RTRS-Malaysia OKs plan to cut crude palm oil export tax-govt official

KUALA LUMPUR, Oct 11 (Reuters) - Malaysia has approved a plan to cut crude palm oil (CPO) export taxes from 23 percent per tonne, a government official said on Thursday, as the world's No.2 producer tries to grab market share from top producer Indonesia.

Malaysia's cabinet will discuss the size of the cut in CPO export taxes on Friday, the commodities ministry official said. Commodities Minister Bernard Dompok has proposed for duties to be cut to 8-10 percent.

"There may or may not be a decision but the government is actively working on it. It will be a key focus of discussion for tomorrow," said the official, who declined to be named because he is not authorised to speak to the media.

The cut may boost Malaysia's crude palm oil exports and give short-term support to prices that have lost 22 percent so far this year as a slowdown in shipments has led to a rise in inventories.

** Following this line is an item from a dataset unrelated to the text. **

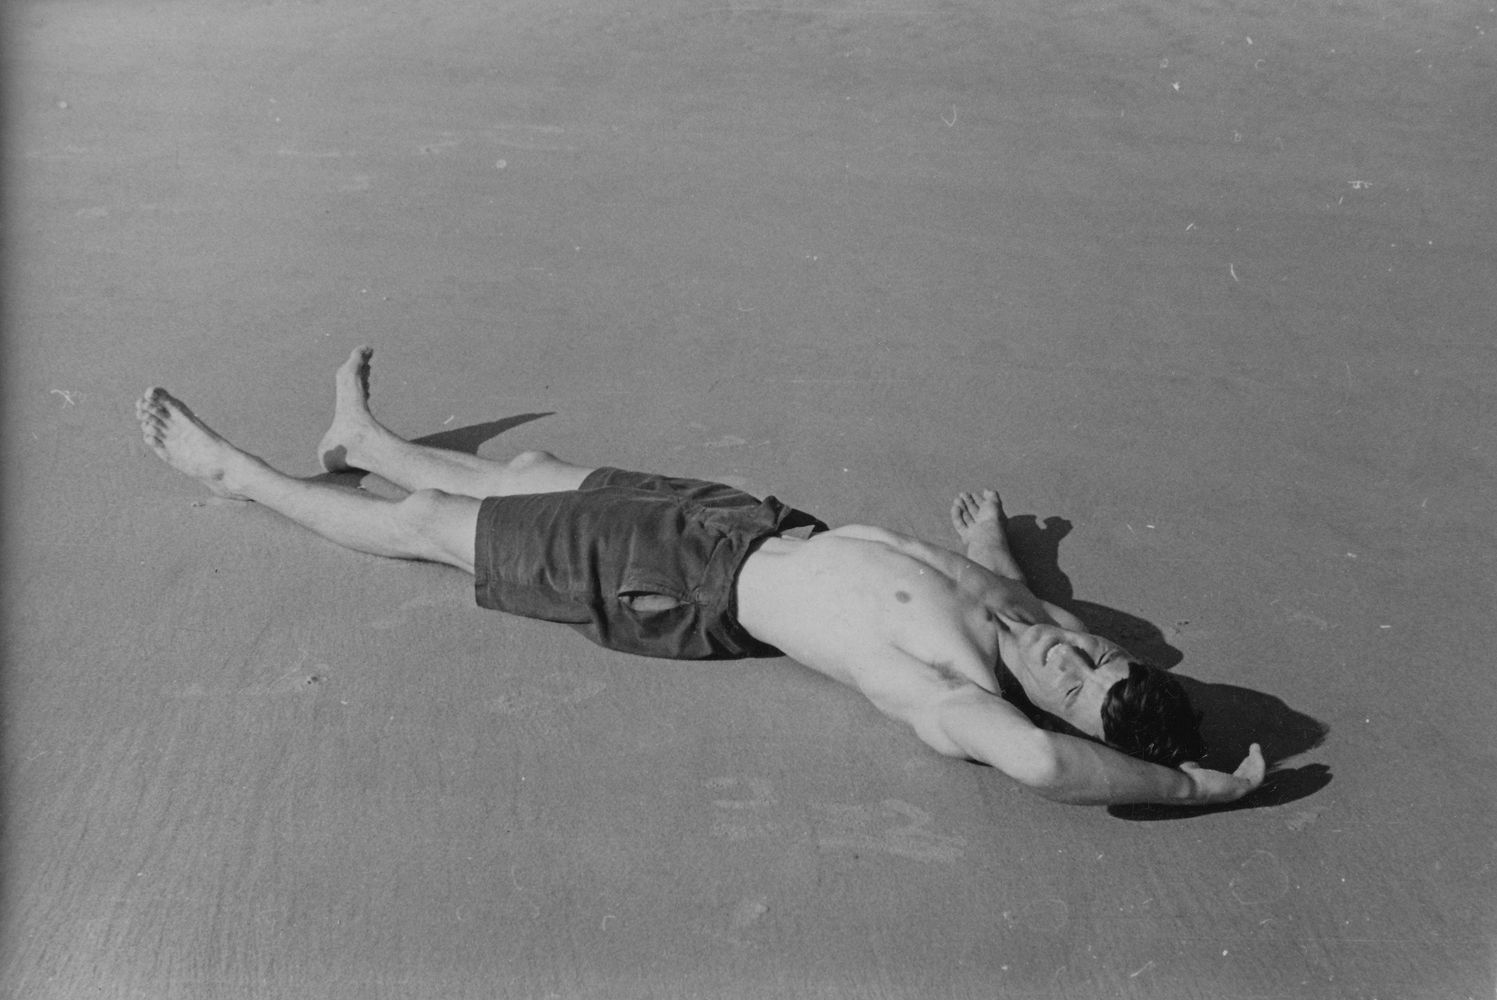 Male figure in bathing shorts lying on beach [P58]

Malaysia's palm oil stocks hit a record of nearly 2.5 million tonnes last month as output reached an all time high and export growth slowed considerably, piling pressure on the government to act to prop up prices.

Slower Malaysian exports were due mostly to competing Indonesian processors offering cheaper refined palm oil cargoes after Jakarta cut its own export taxes for processed grade last year to boost margins and lure investment.